Listeners of my community radio program Lavender Hill, have heard me speak out on these situations. I do feel that a privately owned business, single person or single family ownership, that has less than 15 or so employees should be able to determine what kind of clientele they serve. That freedom, however, ends when it encroaches on the civil rights of others. A company or business should not be allowed to discriminate against people of other races, national origins, or other similar criteria. But, those same companies may have a design that would preclude them seeking to hire person that does not fit that design – for example the YWCA (a large institution) may not want to hire a man to teach aerobics or some such as it may interfere with business. A “gentlemen’s club” may not want to hire a male exotic dancer, etc, etc.
That said, I am a realist. If we allow companies to pick and choose willy-nilly (or after long consideration) what “kinds” of people they will hire then we open the door to discrimination of all kinds. It may be a faux-news site, but I have seen articles where privately owned restaurants are seeking a religious exemption to not serve black people. Many feel that the SCOTUS ruling on the religious exemption in Obamacare regarding contraception coverage will open the door for companies to seek such exemption in the yet-to-be-Federalized Employment Non Discrimination Act (ENDA).
According to a TalkingPointsMemo from Wednesday, “Without a robust religious exemption this expansion of hiring rights will come at an unreasonable cost to the common good, national unity and religious freedom,” according to a letter of intent sent by 14 faith and business leaders to President Obama. This letter was sent response to Obama’s June announcement to use his executive power to require Federal contractors to provide an environment of non-discrimination for LGBT employees. Though the letter did not mention the Hobby Lobby decision, the timing of the letter and its intent makes it clear that these faith and business leaders wish to use this SCOTUS decision to sway the Administration.

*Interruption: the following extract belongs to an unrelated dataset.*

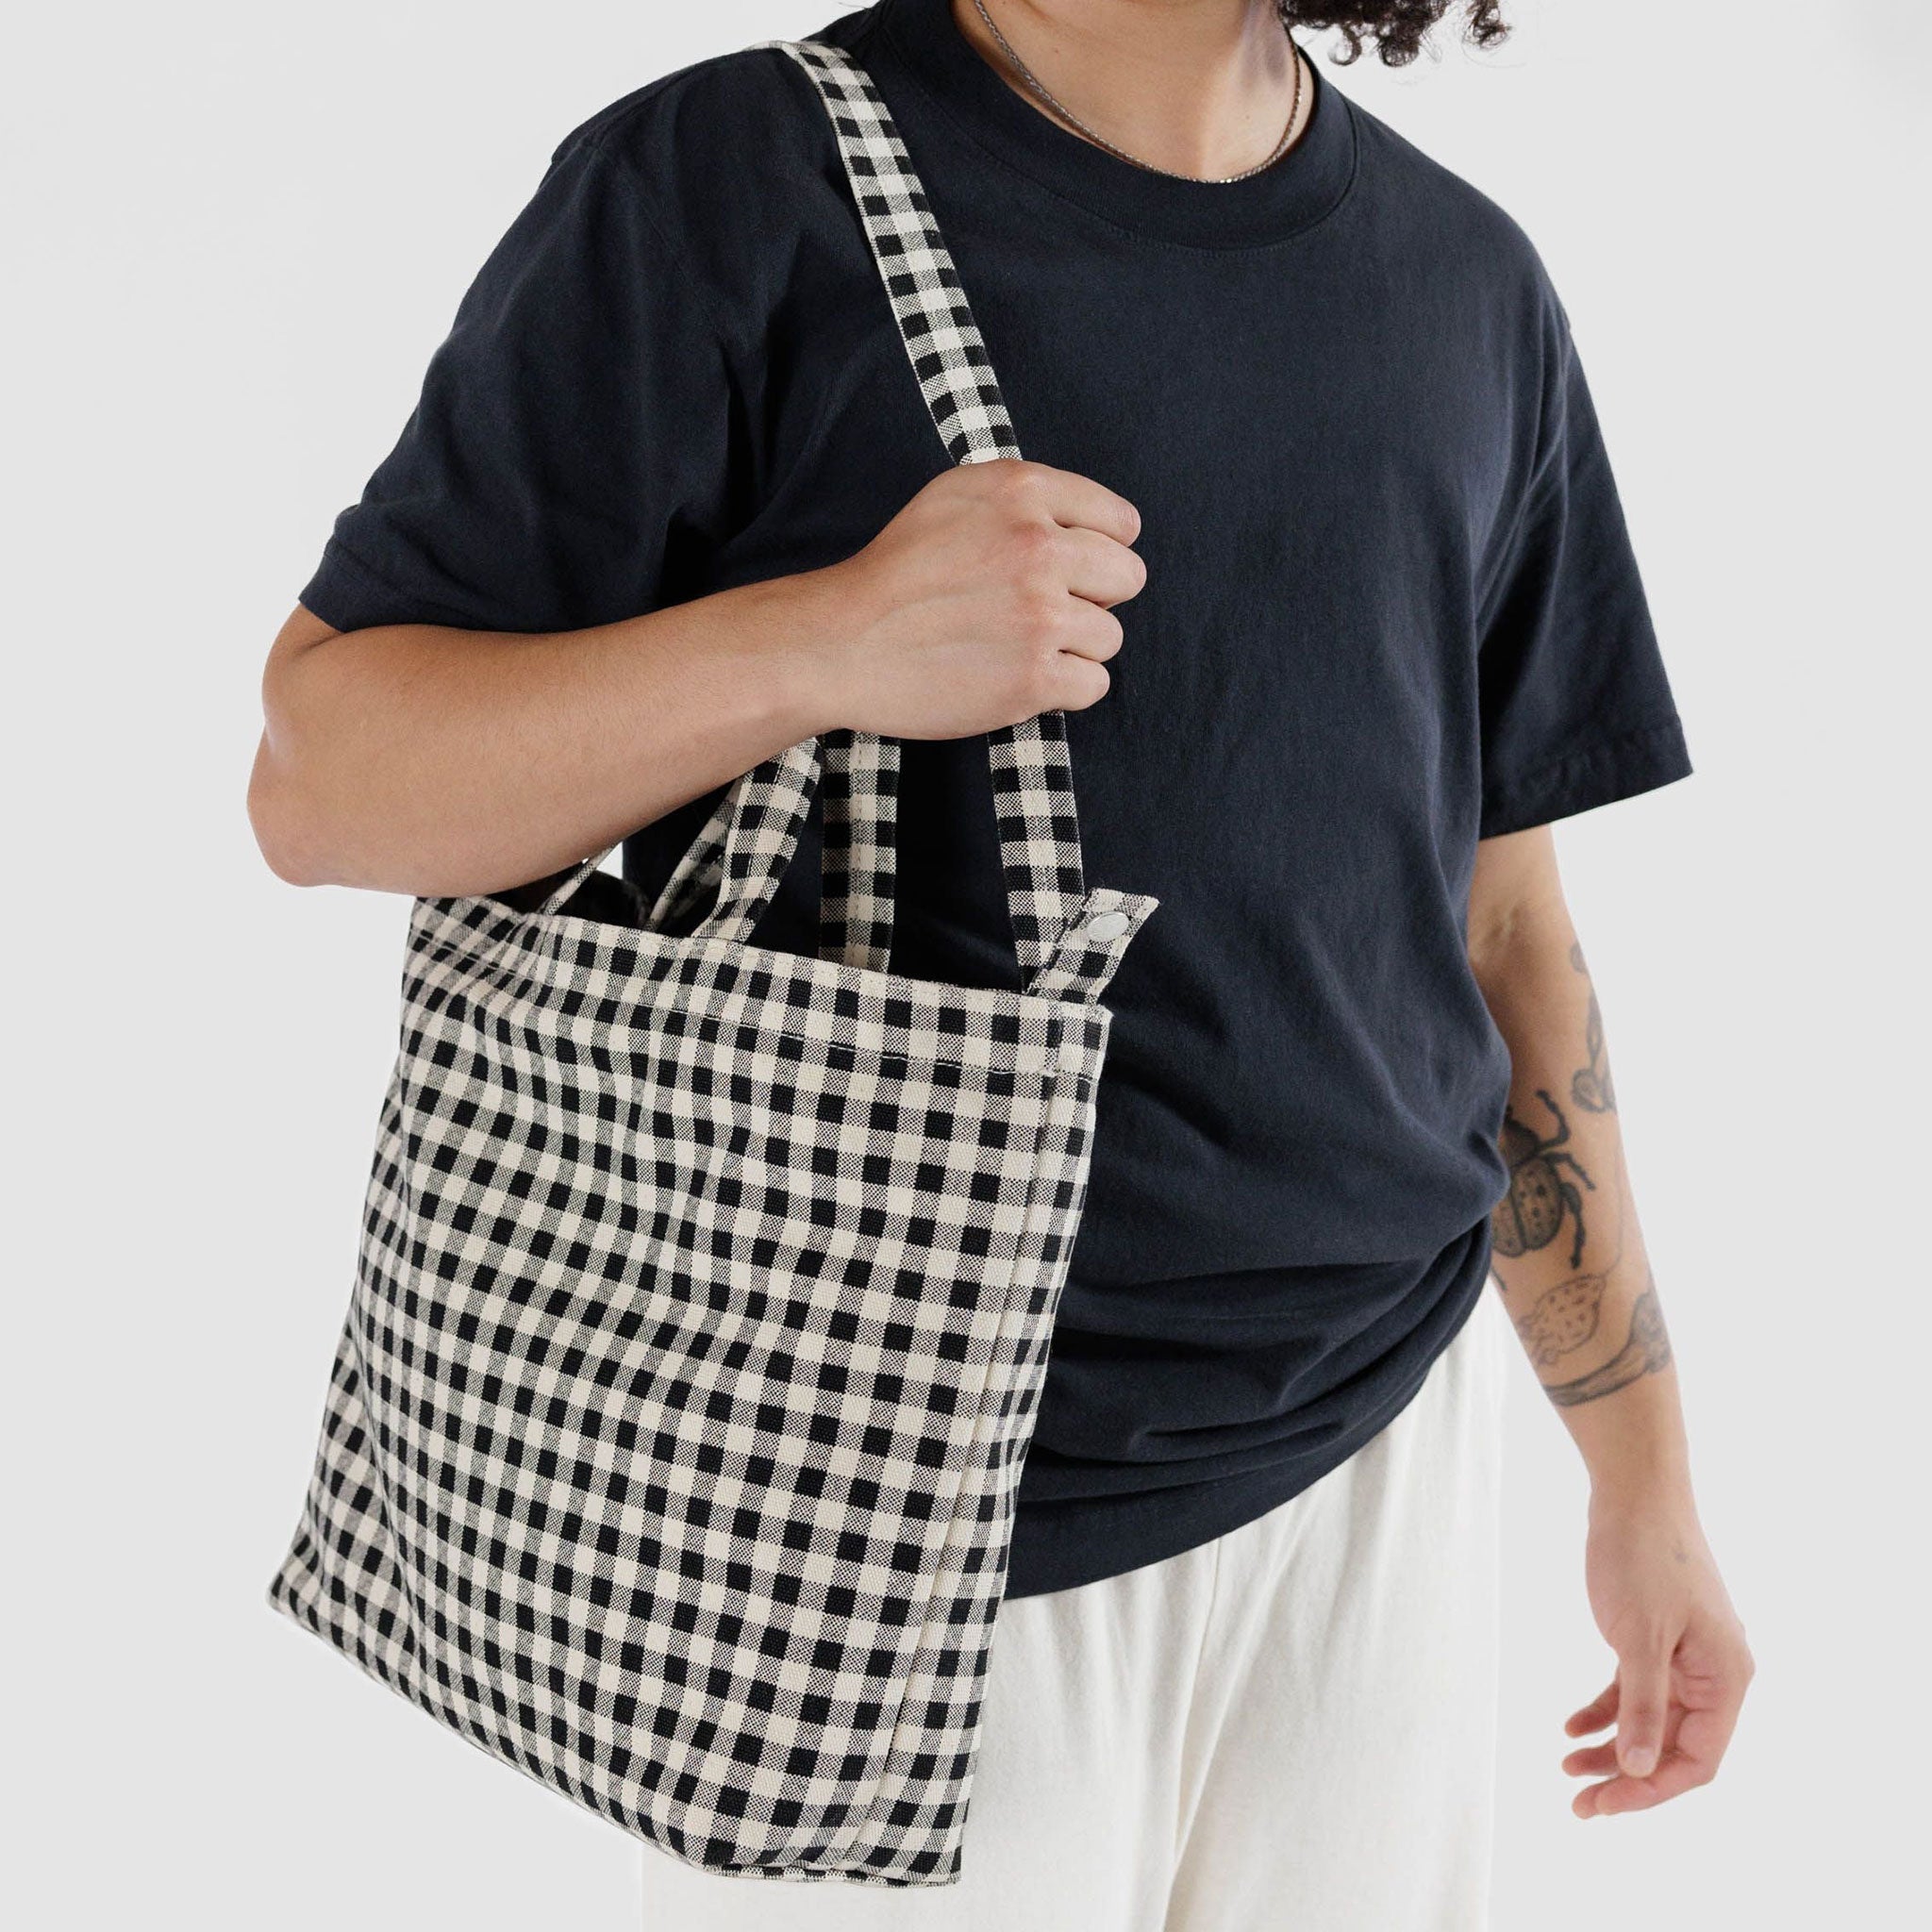 On a white background is a black and white gingham printed canvas bag with a hand strap and a longer adjustable shoulder strap.

I’m a man, I’m gay, but I am person. SCOTUS is granted the legal right to make decisions that may have direct effect on me and others in the United States. When others in the United States seek to use those decision to have discriminatory effect on other citizens then they, in this case business, are over stepping their bounds. Fine, Hobby Lobby and certain other privately owned multi-million (multi-billion) dollar companies have won their case with SCOTUS and do not have to follow the Obamacare requirement to provide coverage for certain forms of contraceptives, including abortion. That does not open the doors, on moral and ethical grounds, for other companies to apply for religious exemptions when it comes to hiring and firing of people that they perceive to be gay, people that are of another national origin or race. Etc. Etc.